Stoner, by John Williams

What a find! Many thanks to NYRB for reprinting this 1965 novel and to my book club for selecting it. My interest was piqued immediately by the cover, which I recognised as a reproduction of a portrait by Thomas Eakins, thanks to the wonderful show of his work that Cynthia and I attended a few years ago. At a recent meeting of the publishers’ association to which I belong, we were talking about the importance of the cover design and some of the principles for different genres. This portrait, from 1900, of a man dressed in black, apparently deep in thought, tells you that the book will be serious, will reflect its time, and will, despite its apparent simplicity, convey deep and complex emotion.

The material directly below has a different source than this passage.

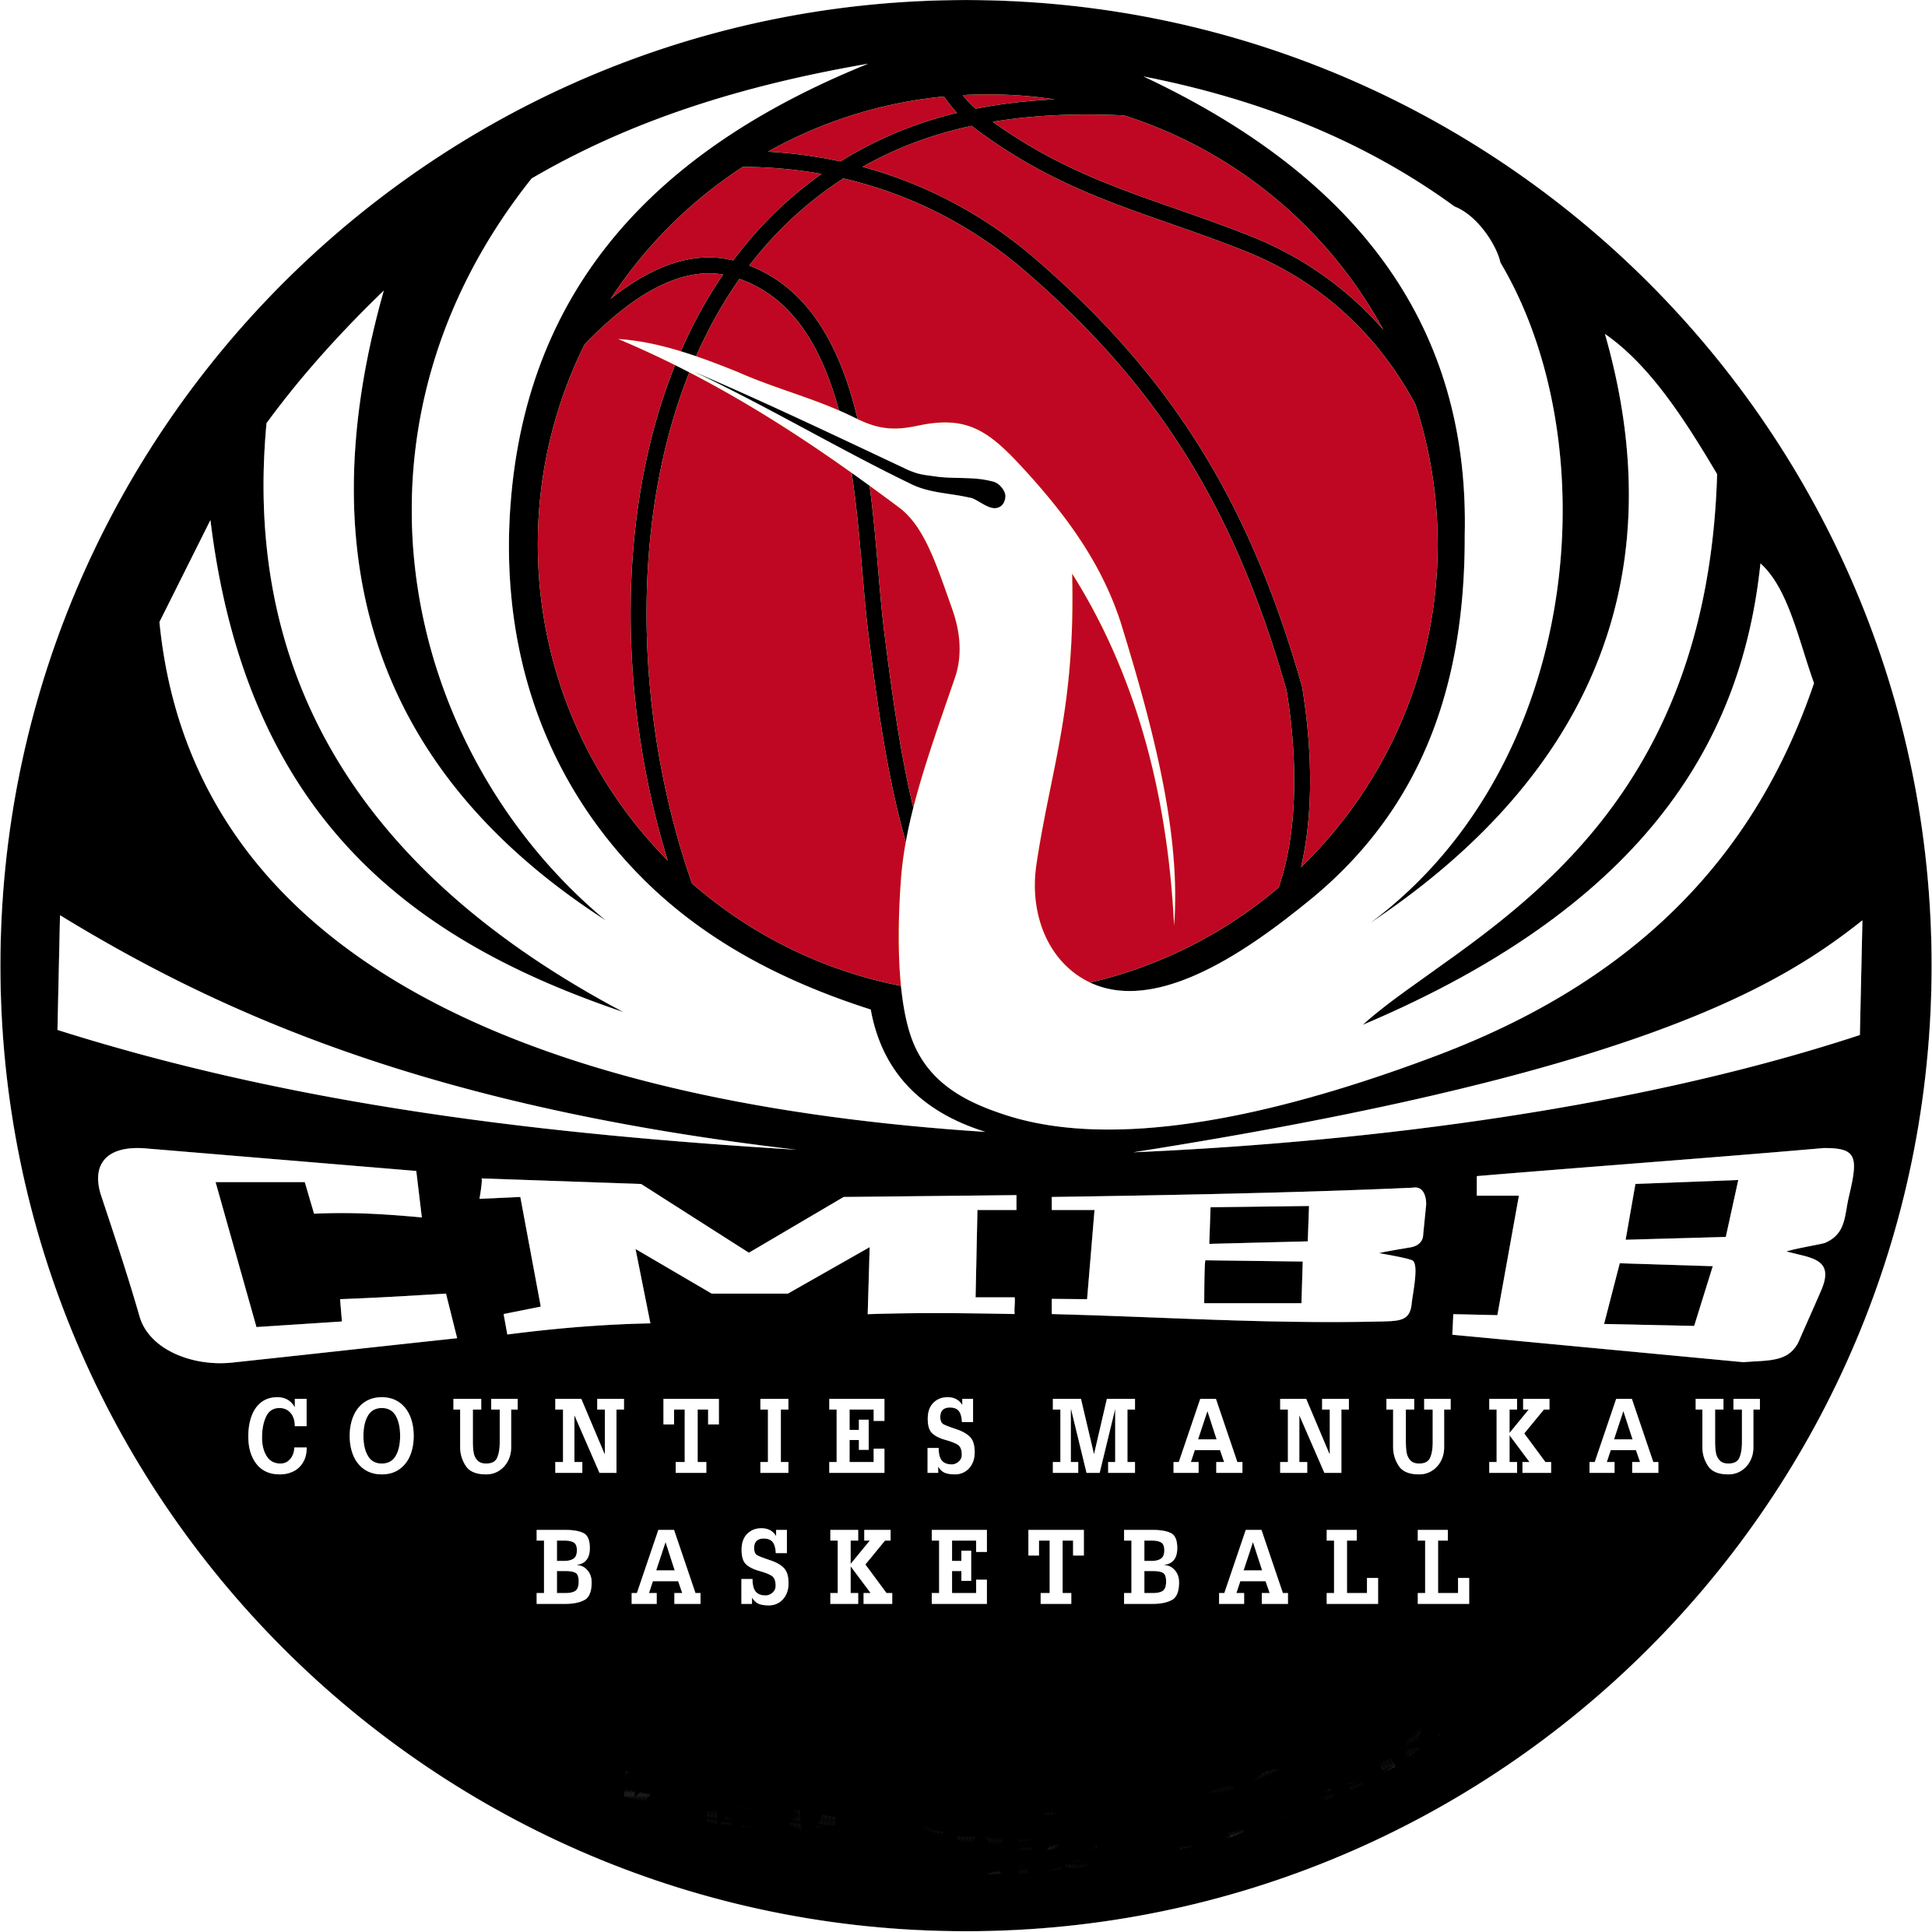 Counties Manukau Basketball - Counties Manukau Basketball Logo (2482x2482)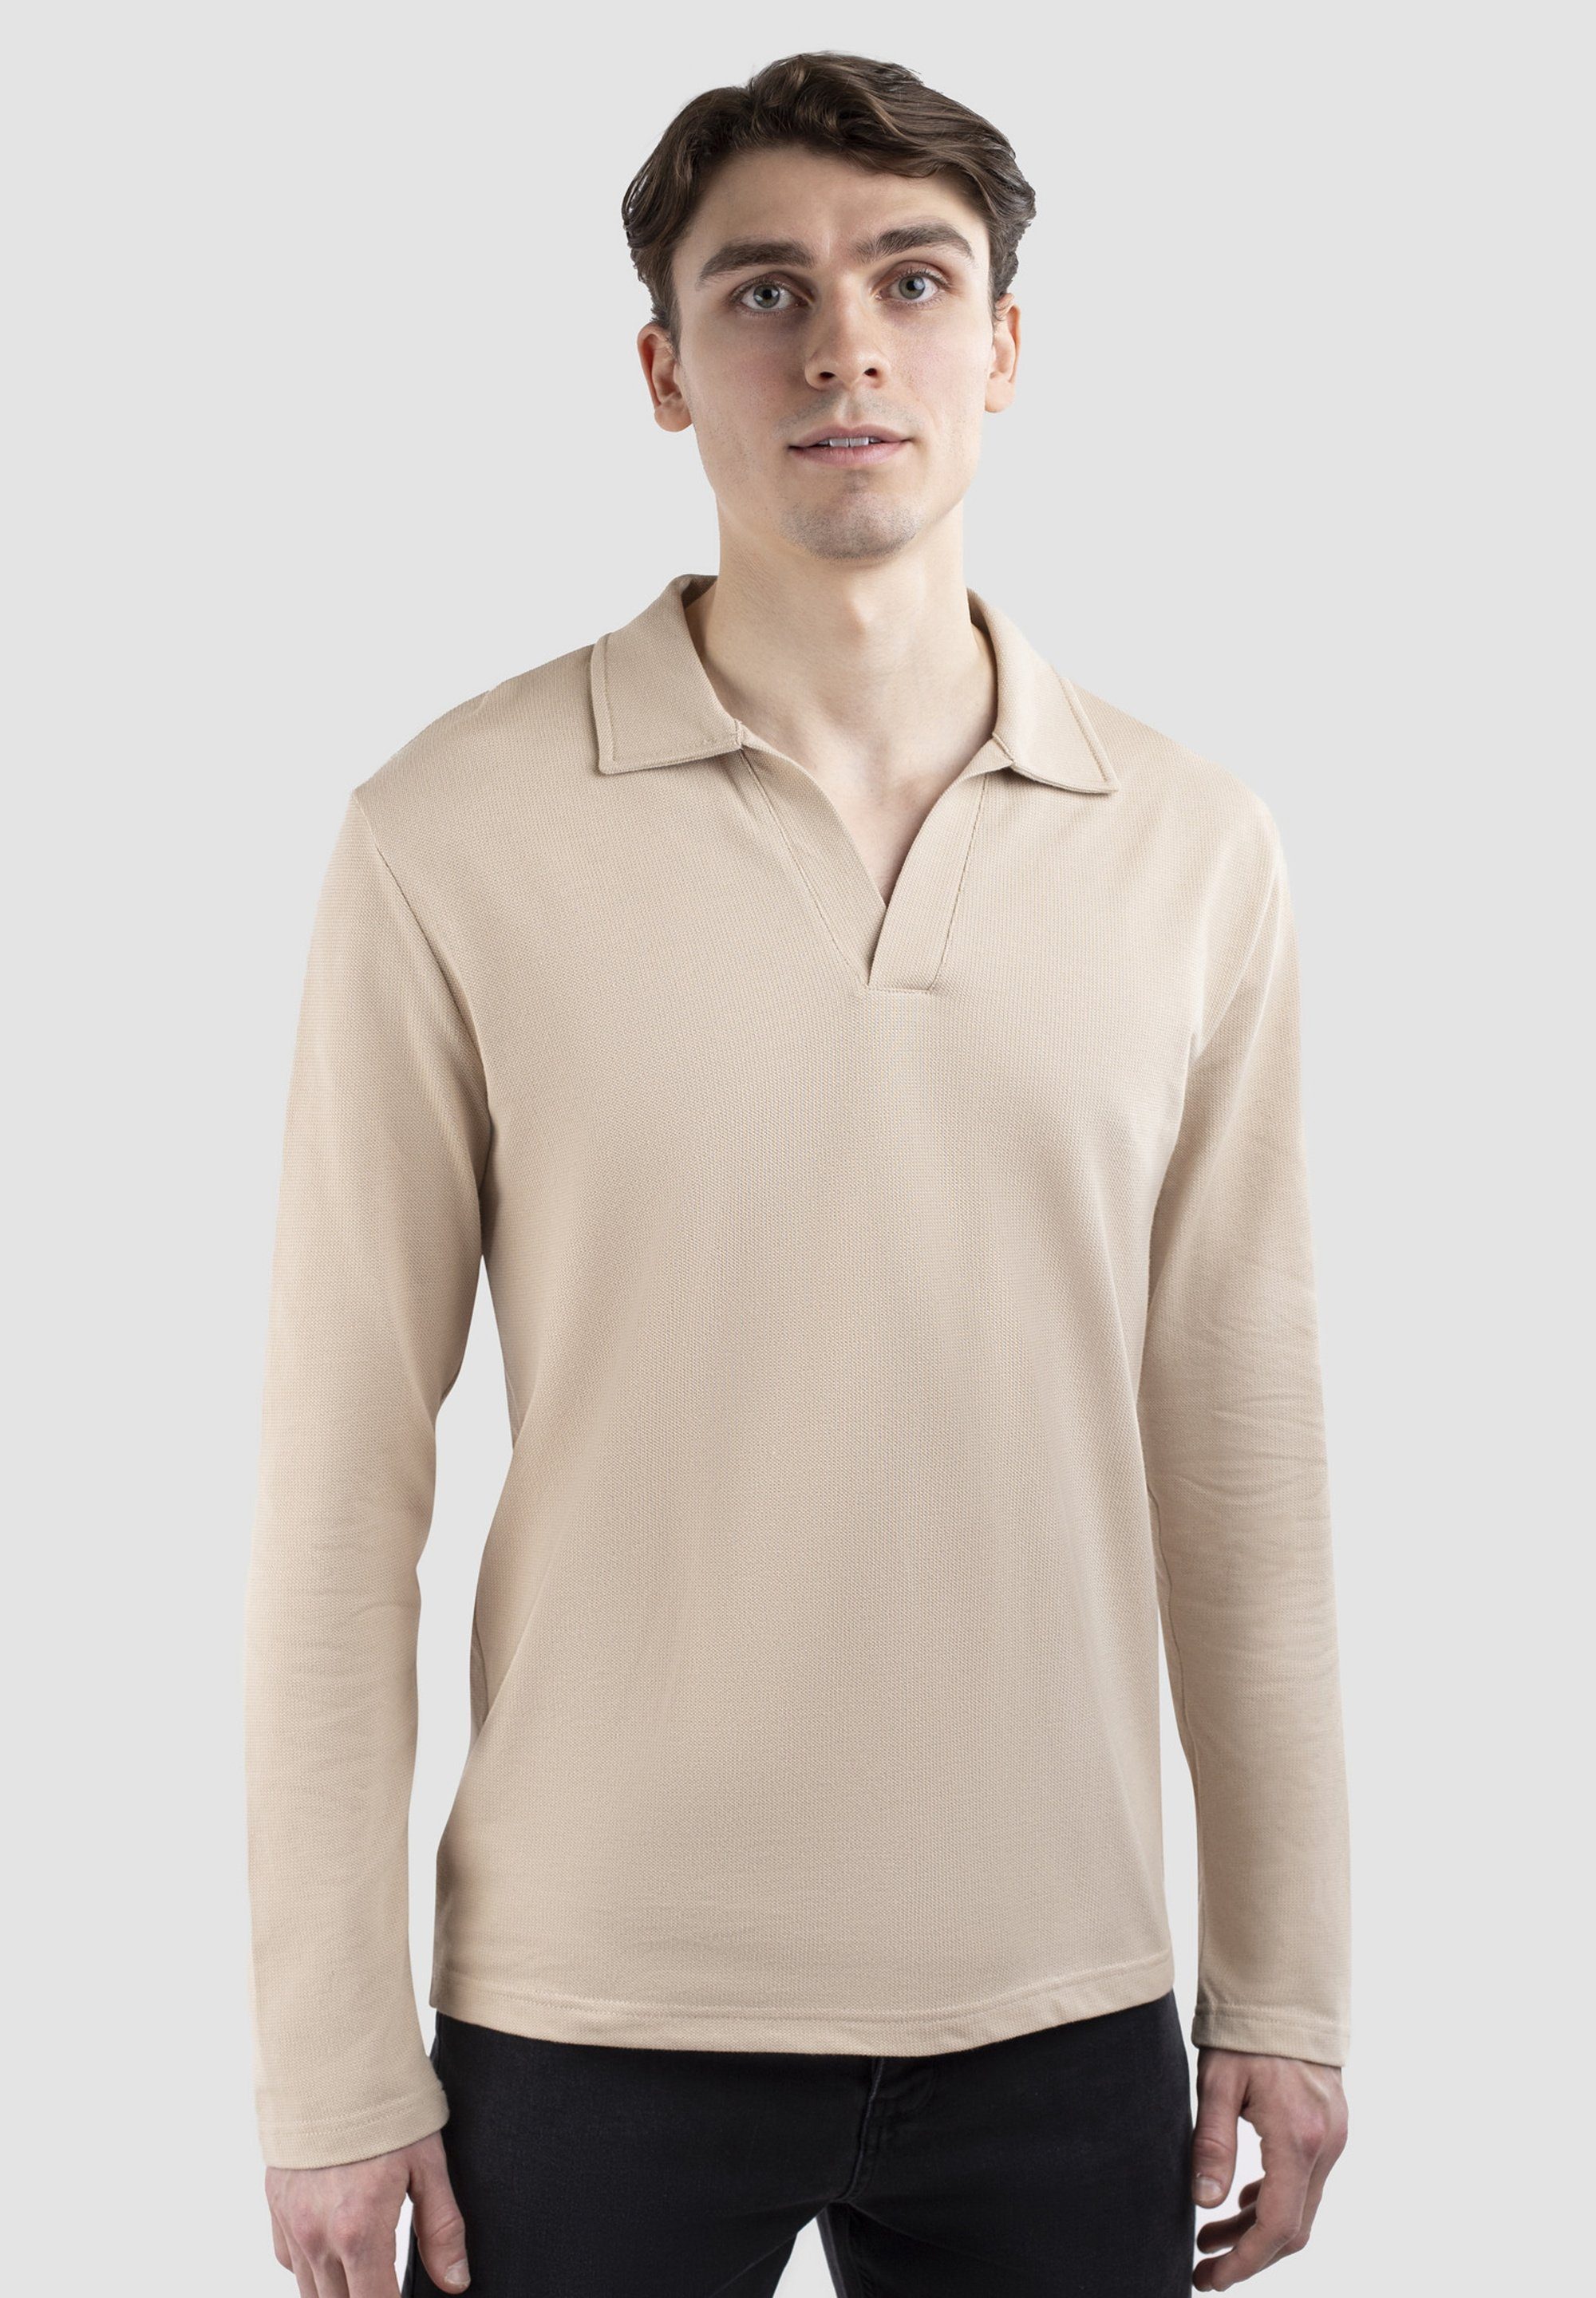 Ciszere Poloshirt Nelson collar. open Polo shirt beige with

And it’s all true. The very first paragraph gives us a summary of William Stoner’s life: a student and professor at the University of Missouri who is barely remembered after his death. Not a remarkable life, apparently, yet I was completely engaged by this story, drawn in by the author’s honest and compelling depiction of Stoner’s thoughts and emotions. Growing up at the end of the 19th century on a poor clay farm in Missouri, Stoner expects nothing more of life than the unending labor his parents, and even he as a child, expend on their arid, hardscrabble farm. His parents are patient, reticent people, accepting of their failure to do more than get by. “In the evenings the three of them sat in the small kitchen lighted by a single kerosene lamp, staring into the yellow flame; often during the hour or so between supper and bed, the only sound that could be heard was the weary movement of a body in a straight chair and the soft creak of a timber giving a little beneath the age of the house.”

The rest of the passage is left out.